Oct 021995
 
one reel

Kathleen (Lili Taylor), a philosophy graduate student, is attacked and bitten by an unknown woman (Annabella Sciorra).  She soon develops an addiction to blood, and to the evil that goes with taking it.  An older vampire (Christopher Walken) cruelly attempts to teach her how to exist in her new state, holding her hostage and feeding from her.  She escapes, with new motivation and insight into evil that allows her to finish her thesis.

I had a double major in mathematics and philosophy as an undergrad, switching from physics because I loved philosophy.  I then entered grad school to study philosophy.  I read Kierkegaard, Nietzsche, Heidegger, and Sartre, to name a few.  And I found The Addiction’s constant philosophizing pompous and overbearing.  God help you if you don’t think reading Nietzsche is a good time (OK, no one really thinks reading Nietzsche is a good time, but some of us put up with it).  The Addiction is like a freshman who just took his first one hundred level philosophy class and now wants to impress the senior girls with his newfound depth; he drops a few names, but doesn’t really understand the views and gets most of them wrong.

I can’t fault the b&w cinematography, nor Taylor’s performance.  And Walken plays the normal Walken weirdo and that’s always fun.  It is the script that fails the project.

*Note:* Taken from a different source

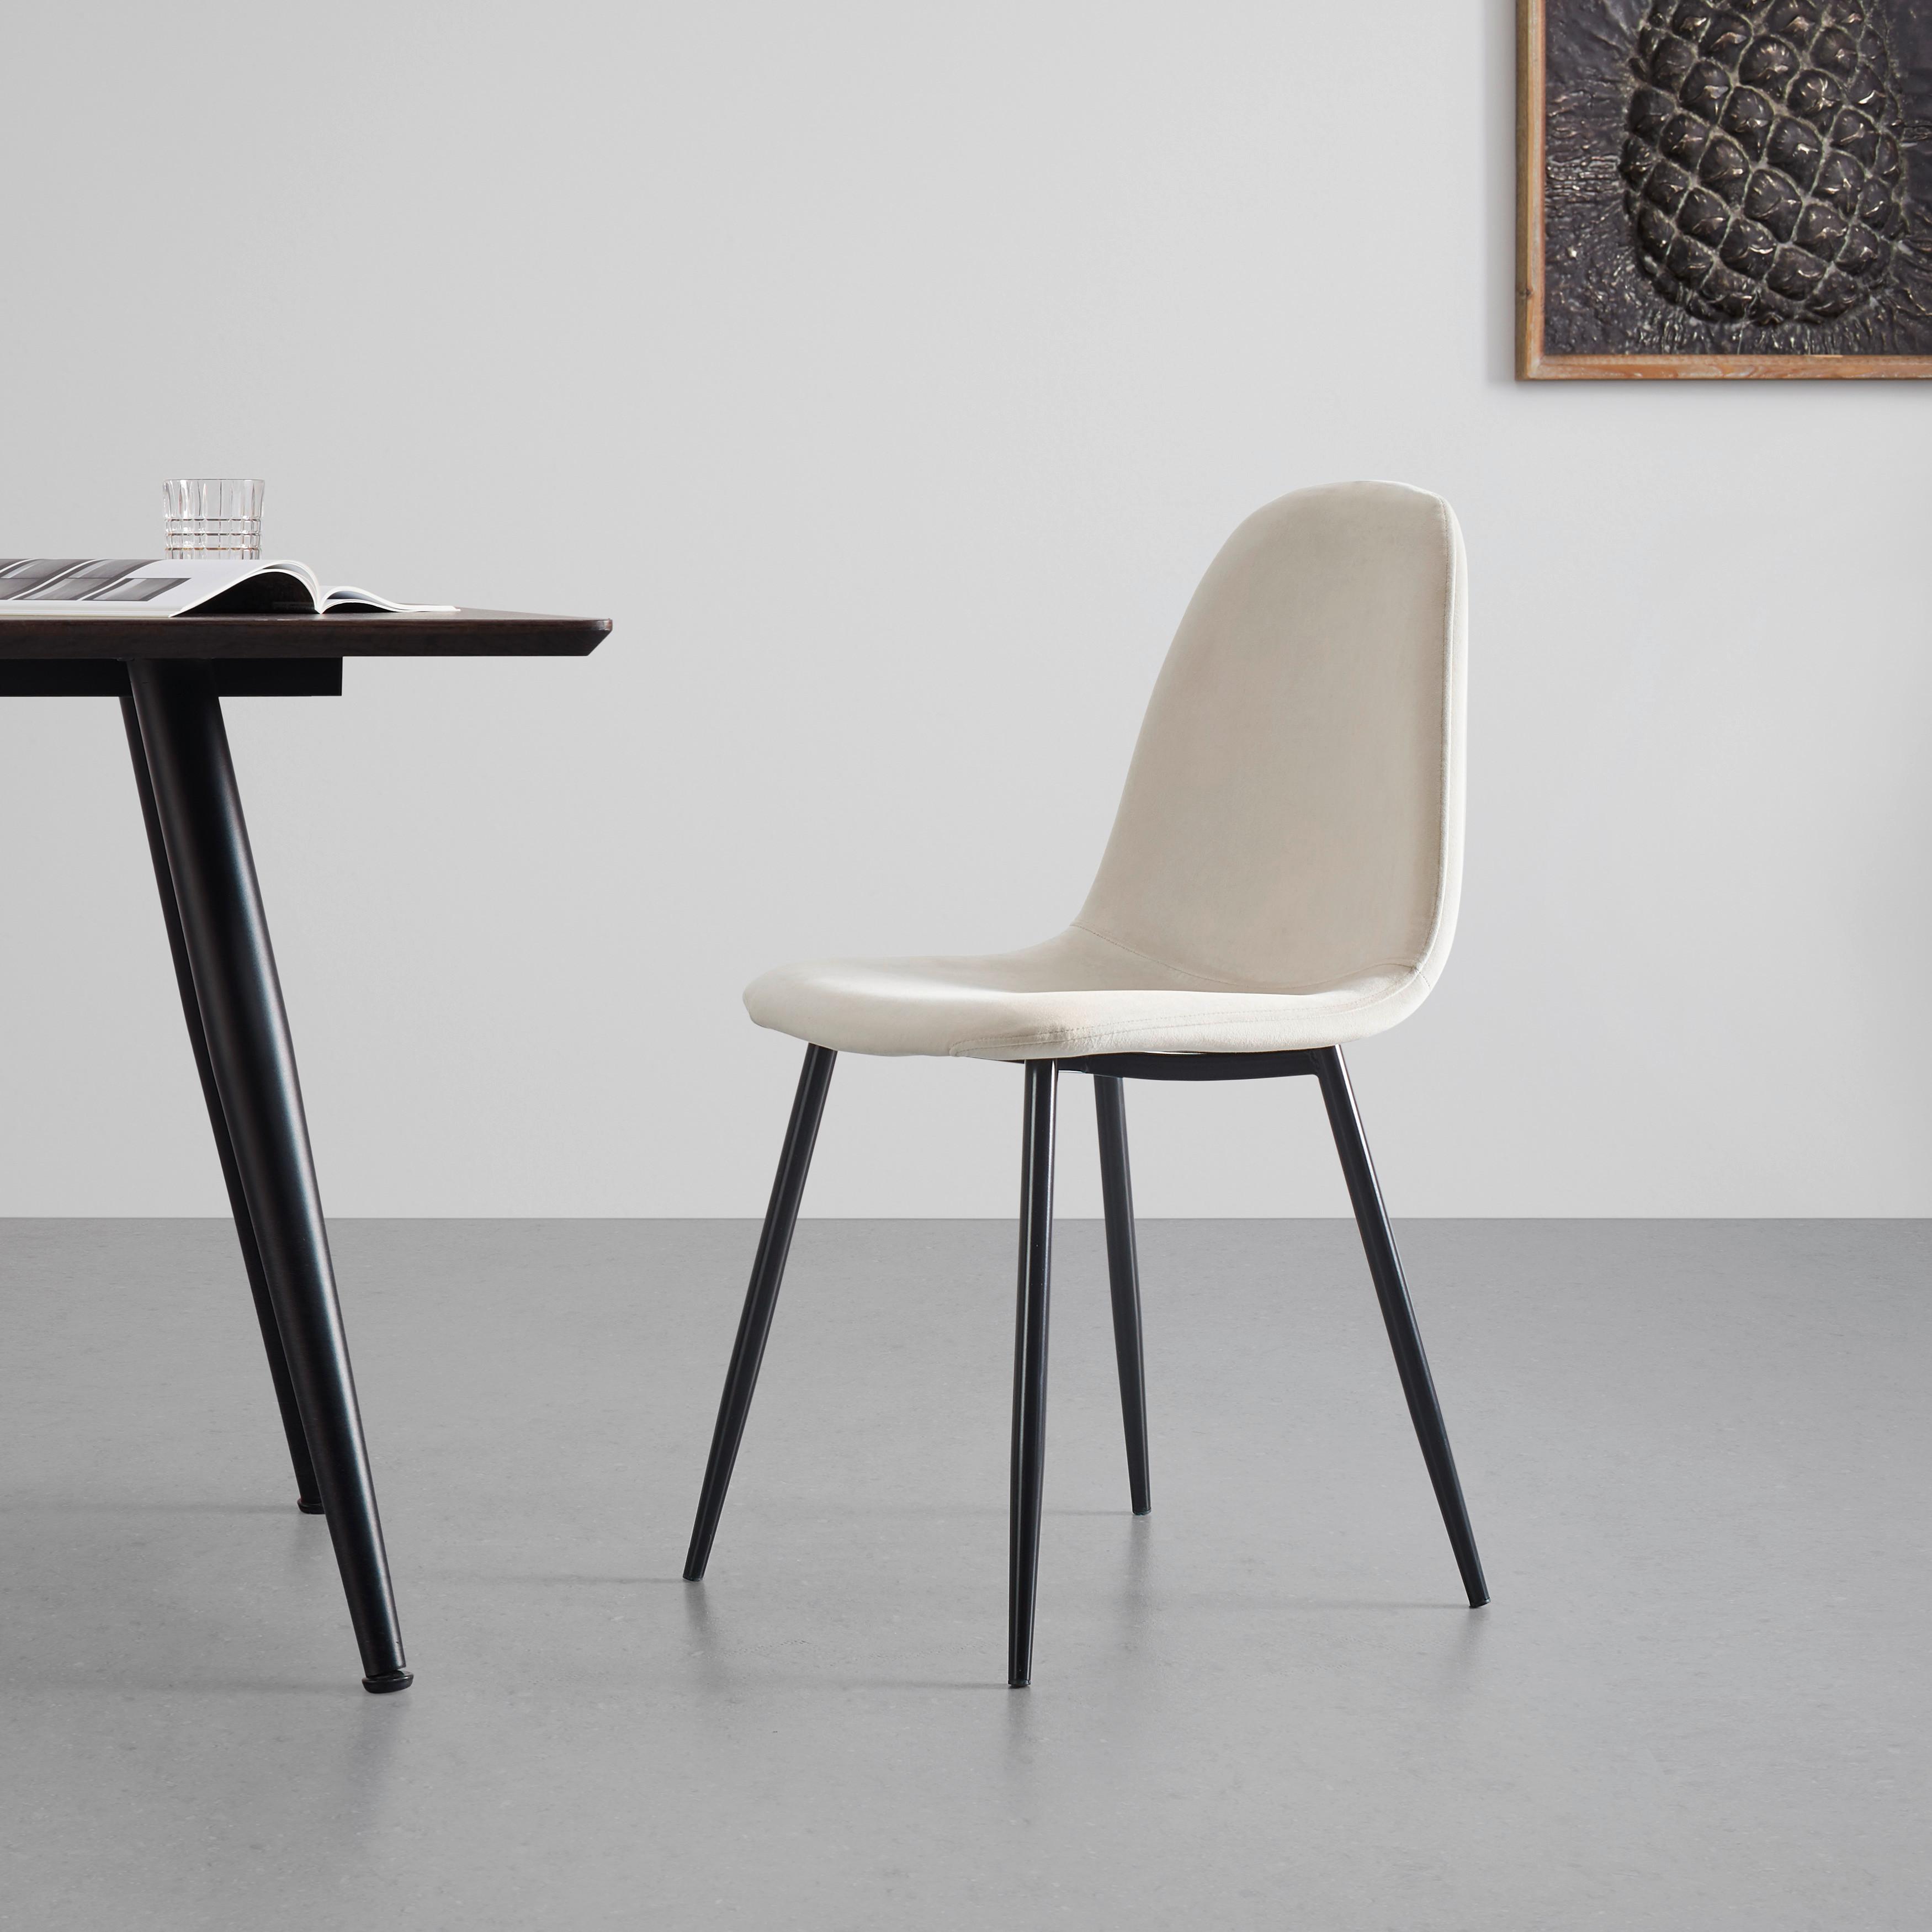 Stuhl "Lio", beige - Beige/Schwarz, MODERN, Holz/Textil (43/86/55cm) - Bessagi Home

Vampirism is used as a metaphor for drug addiction, which in turn is used as a metaphor for evil, and humanity’s “addiction” to it.  This is a message movie that missed the ideas of subtext and subtlety.  Plot and character are shoved aside to make room for more message.  With that emphasis on theme, and all those dead philosophers dug up, I expected something pretty complicated and thought-provoking.  And that’s the final failing.  For more than an hour, the nature of evil is chewed on and tossed around.  So, when all of that is forgotten at the end, I start wondering why I watched any of it.  The final, in-your-face message is: man is filled with sin, and only by giving yourself to God can you be free of it.  That’s it.  OK, that’s fine if that’s what you want to say, but then build to that.  Instead, it was just stated, with no connection to the rest of the movie.  I could get that on the first page of a thousand Christian newsletters and save myself eighty-two minutes.